(The data)
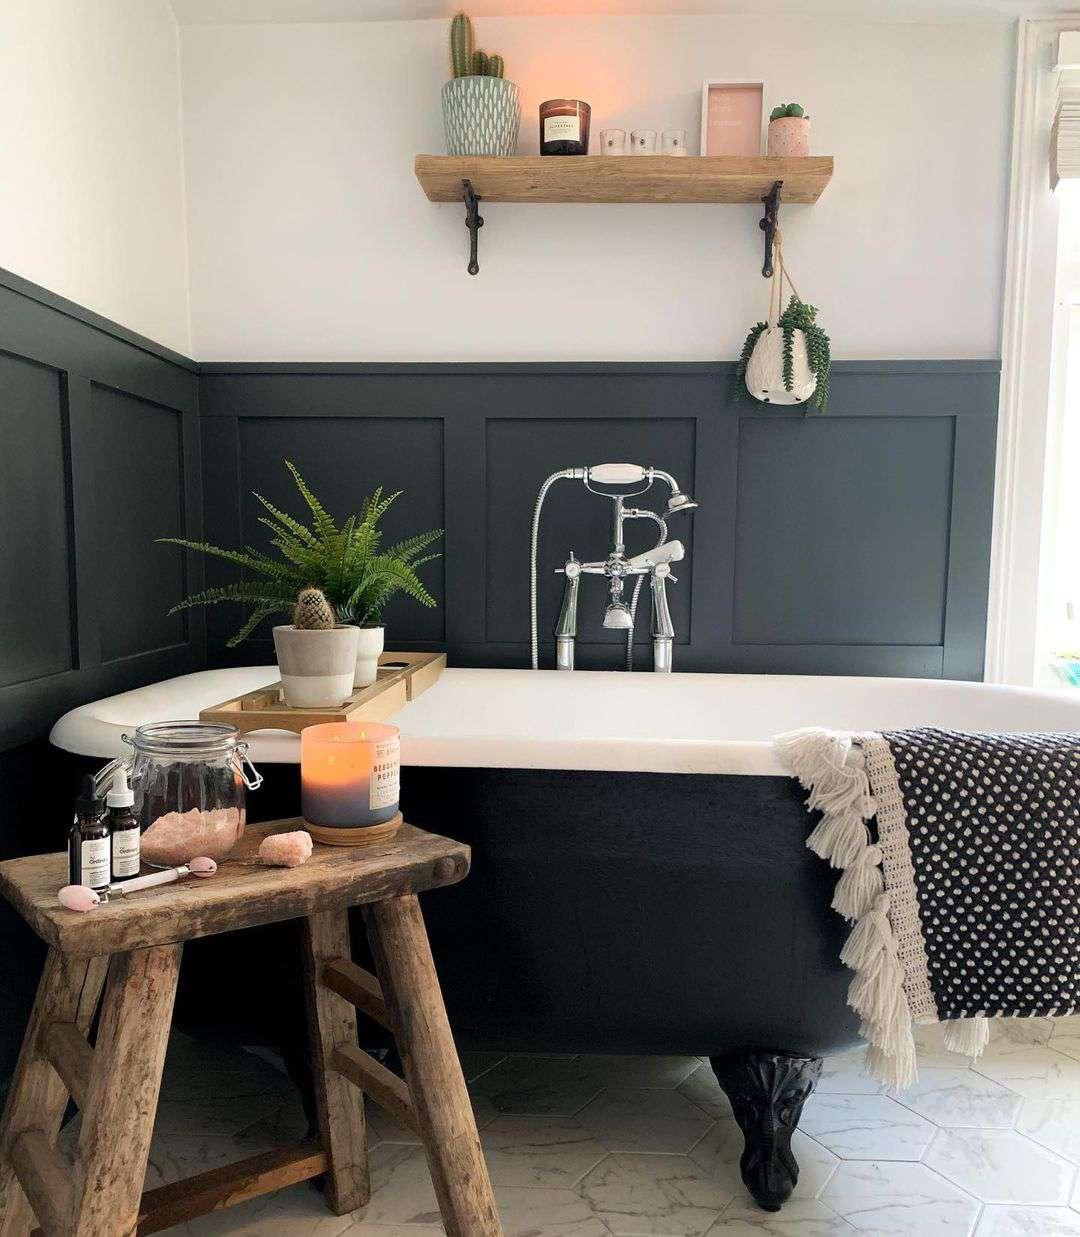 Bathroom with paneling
...
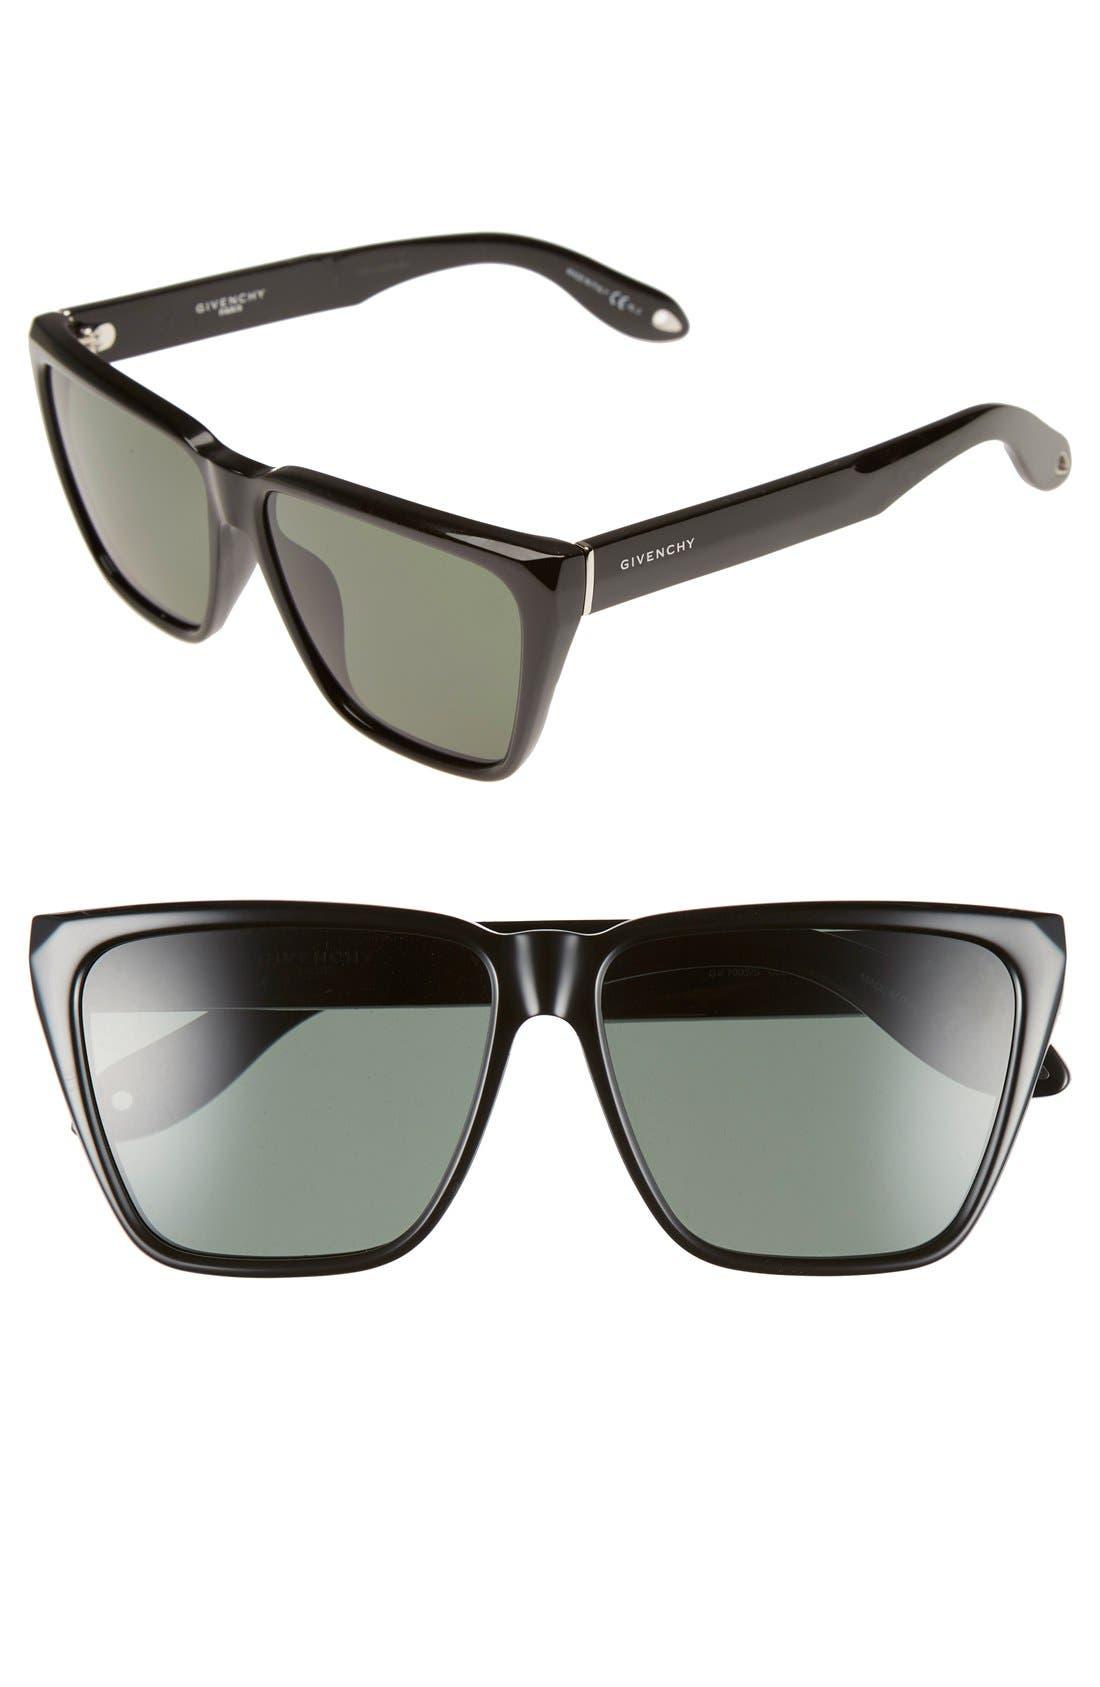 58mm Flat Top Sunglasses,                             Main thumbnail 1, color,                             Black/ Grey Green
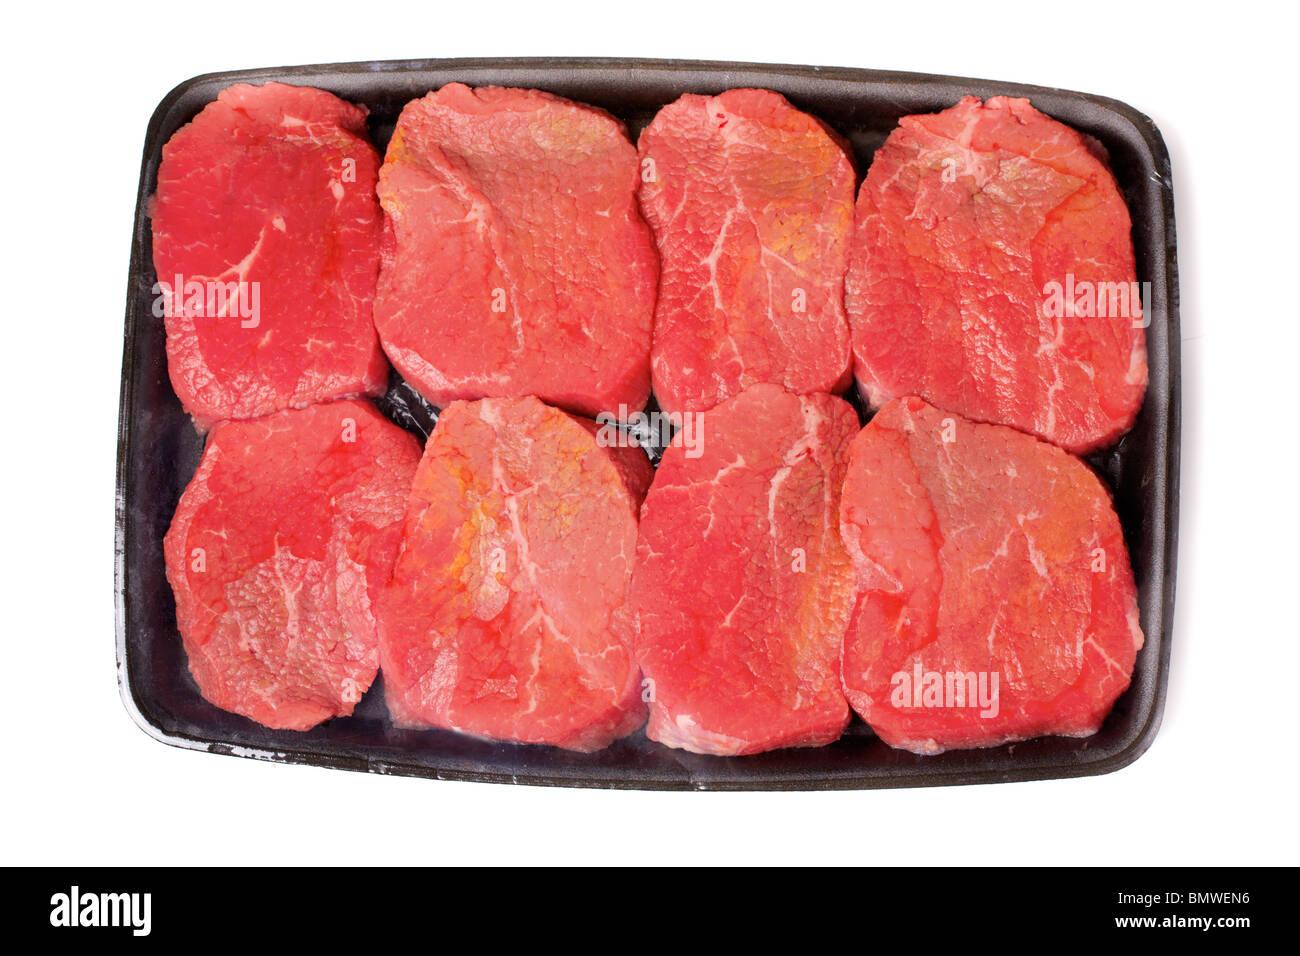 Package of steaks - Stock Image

(Task prompt) Working from the entries above, reproduce exactly and only the lines beginning with the line that has "58mm Flat Top" and ending with the line that has "Package of steaks - Stock Image"; omit all pictures.

(Problem solution)
 58mm Flat Top Sunglasses,                             Main thumbnail 1, color,                             Black/ Grey Green
 Package of steaks - Stock Image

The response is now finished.